• _ASSIGNED TASK_:
Reprint all of the data below exactly as shown and skip every image.

======== DATASET EXCERPT ========

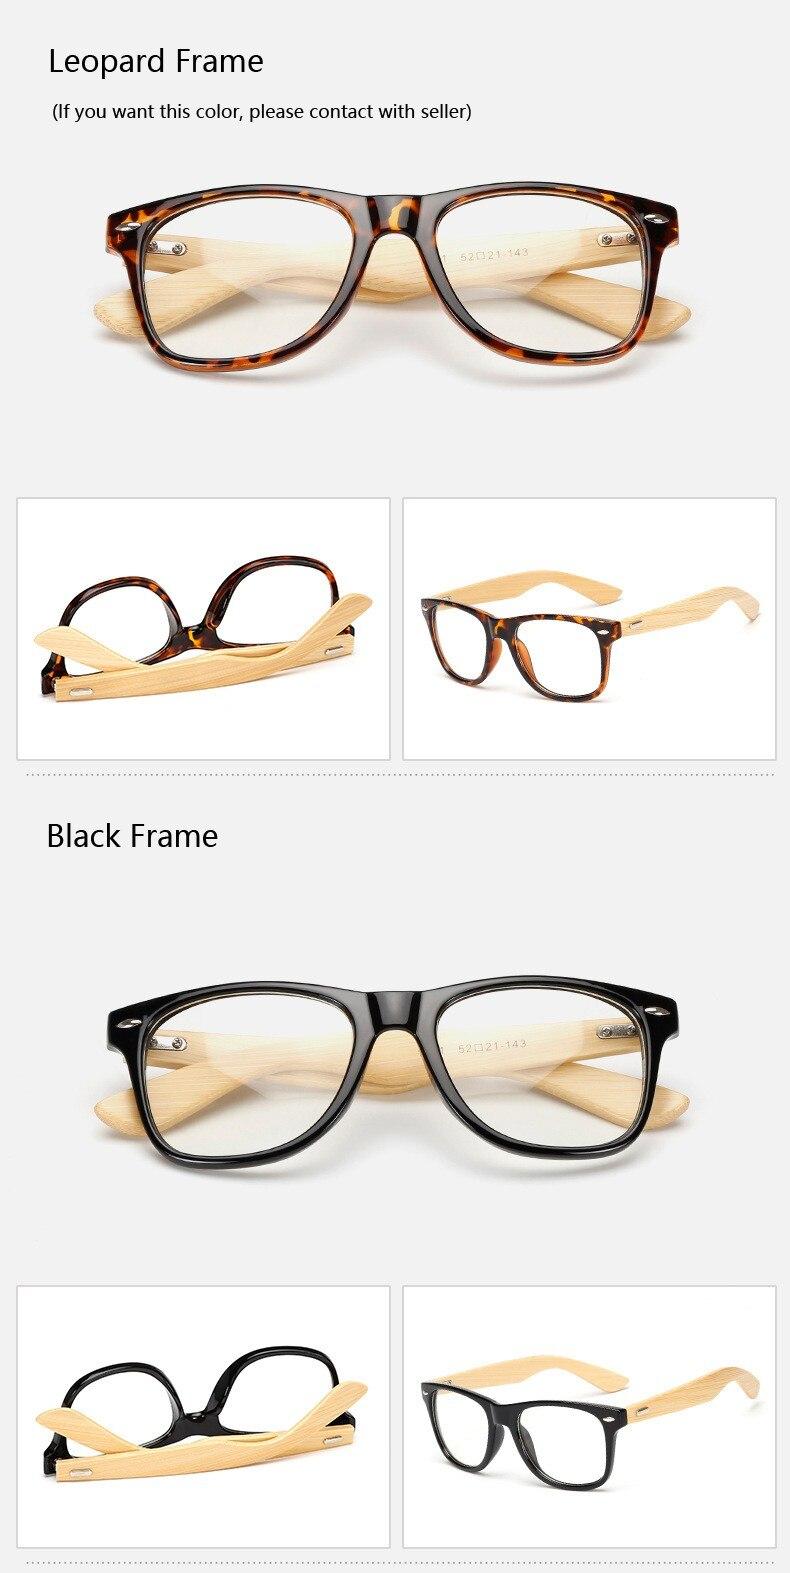 Ralferty Retro Wood Sunglasses Men Bamboo Sunglass Women Brand Design Sport Goggles Gold Mirror Sun Glasses Shades lunette oculo 16
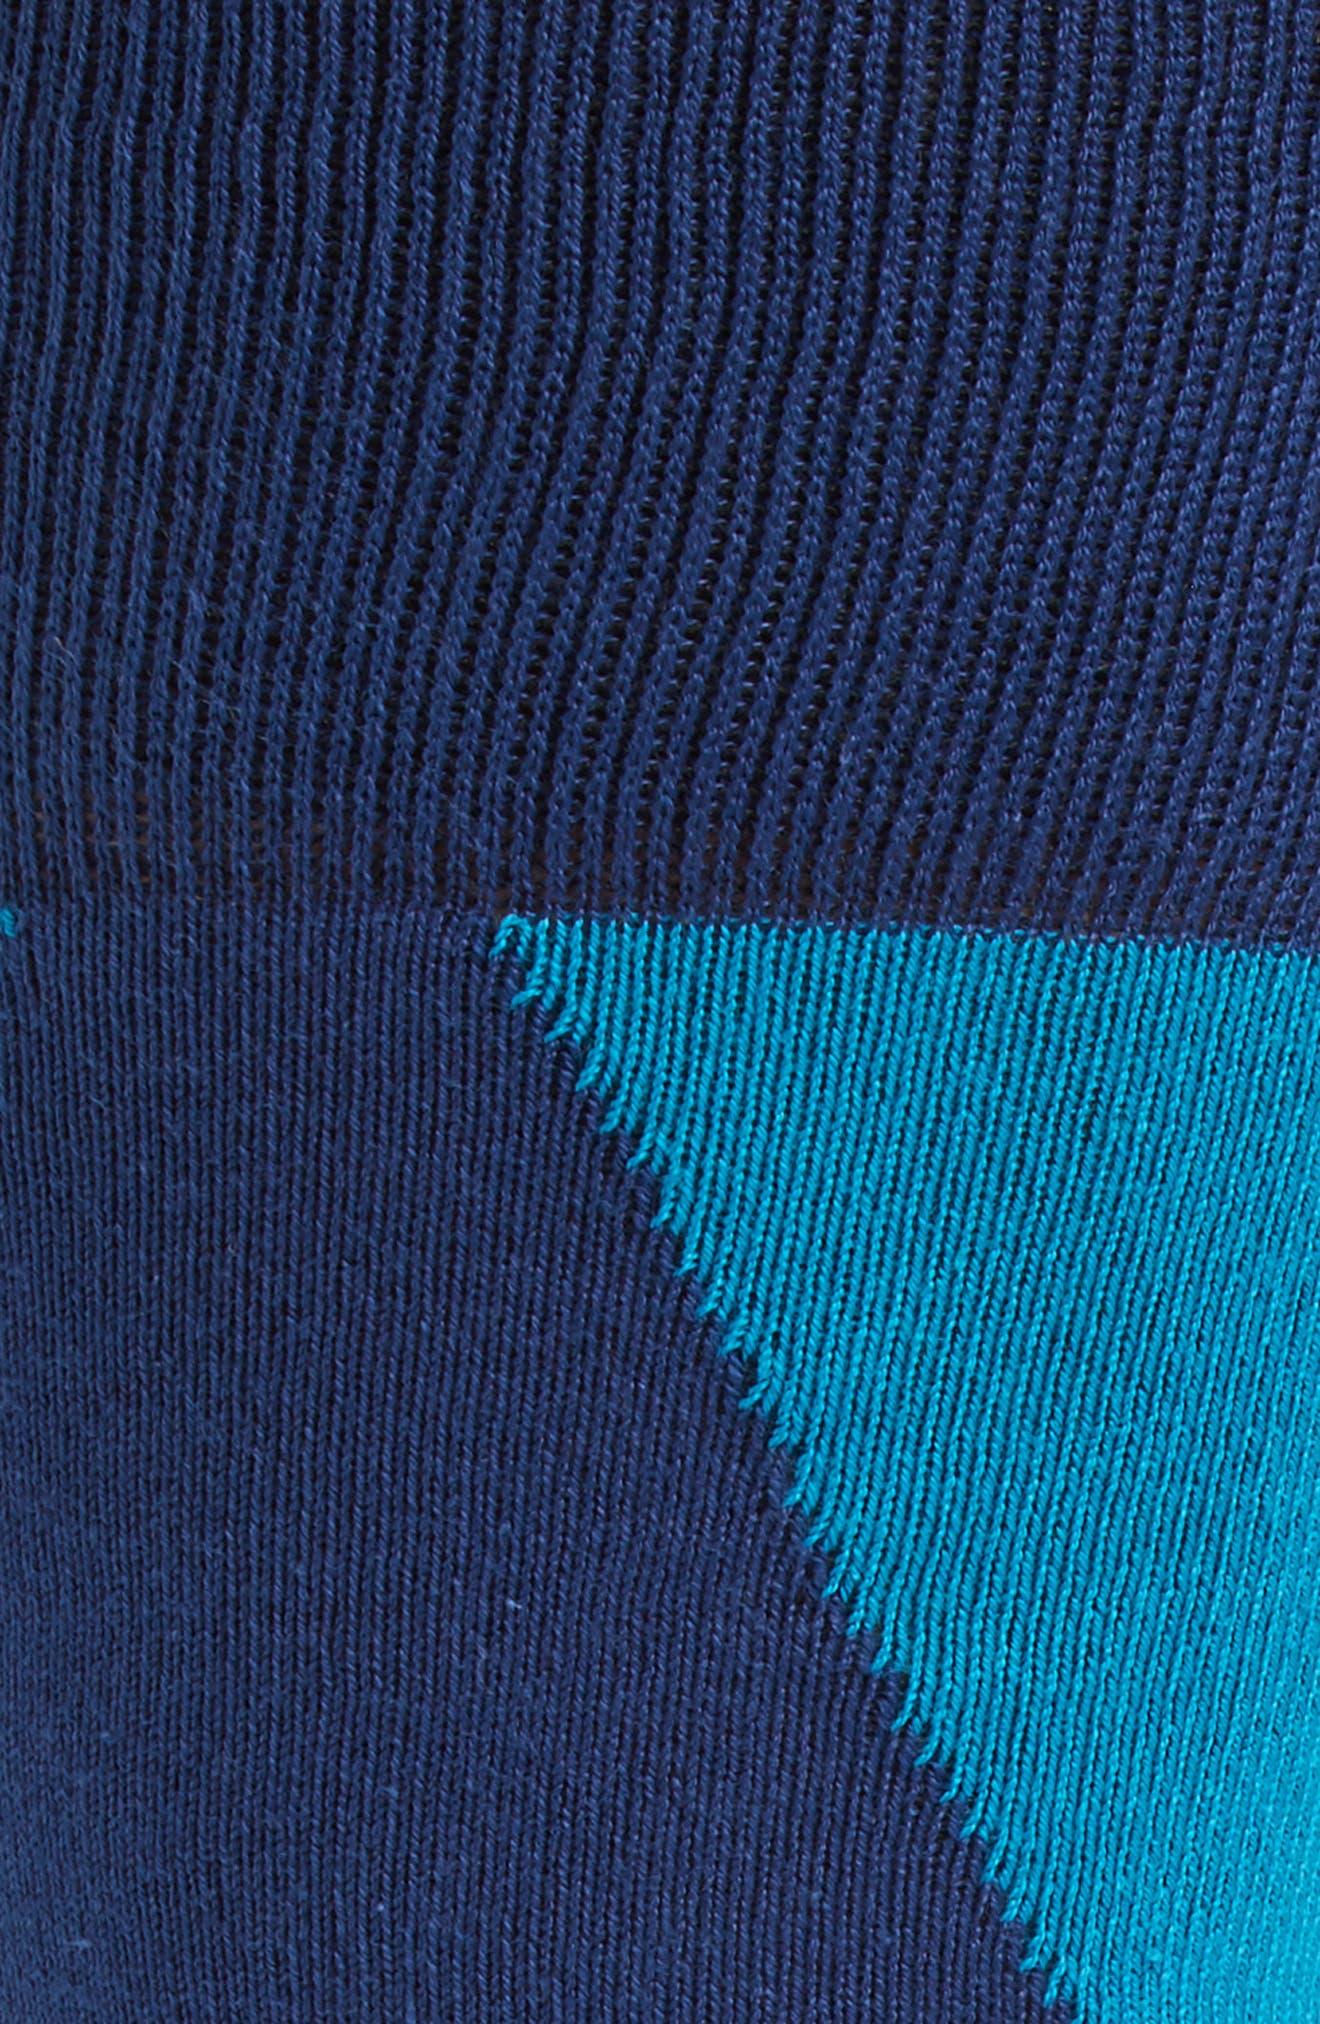 Geo Geometric Socks,                             Alternate thumbnail 2, color,                             400
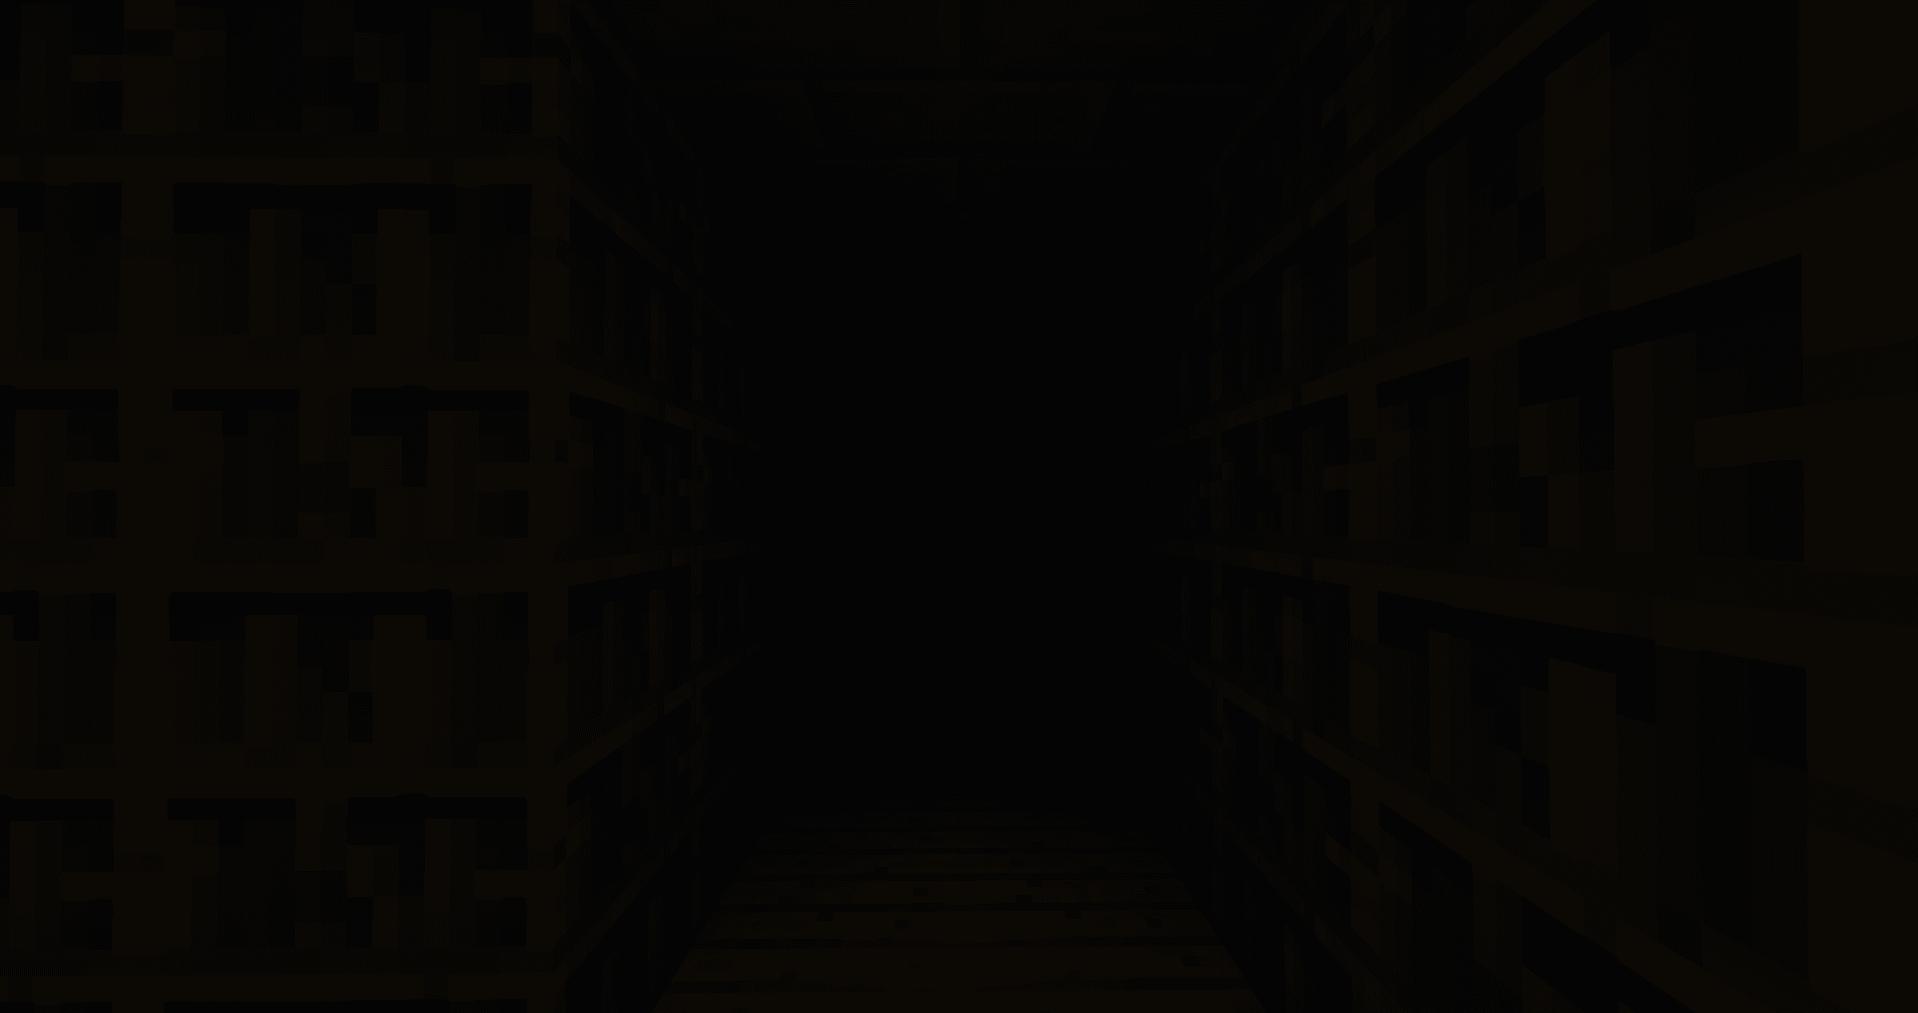 [ℳᎯ℘][TOP 5] - Хоррор карты II

========

• _SOLUTION TO THIS EXERCISE_:
 Ralferty Retro Wood Sunglasses Men Bamboo Sunglass Women Brand Design Sport Goggles Gold Mirror Sun Glasses Shades lunette oculo 16
 Geo Geometric Socks,                             Alternate thumbnail 2, color,                             400
 [ℳᎯ℘][TOP 5] - Хоррор карты II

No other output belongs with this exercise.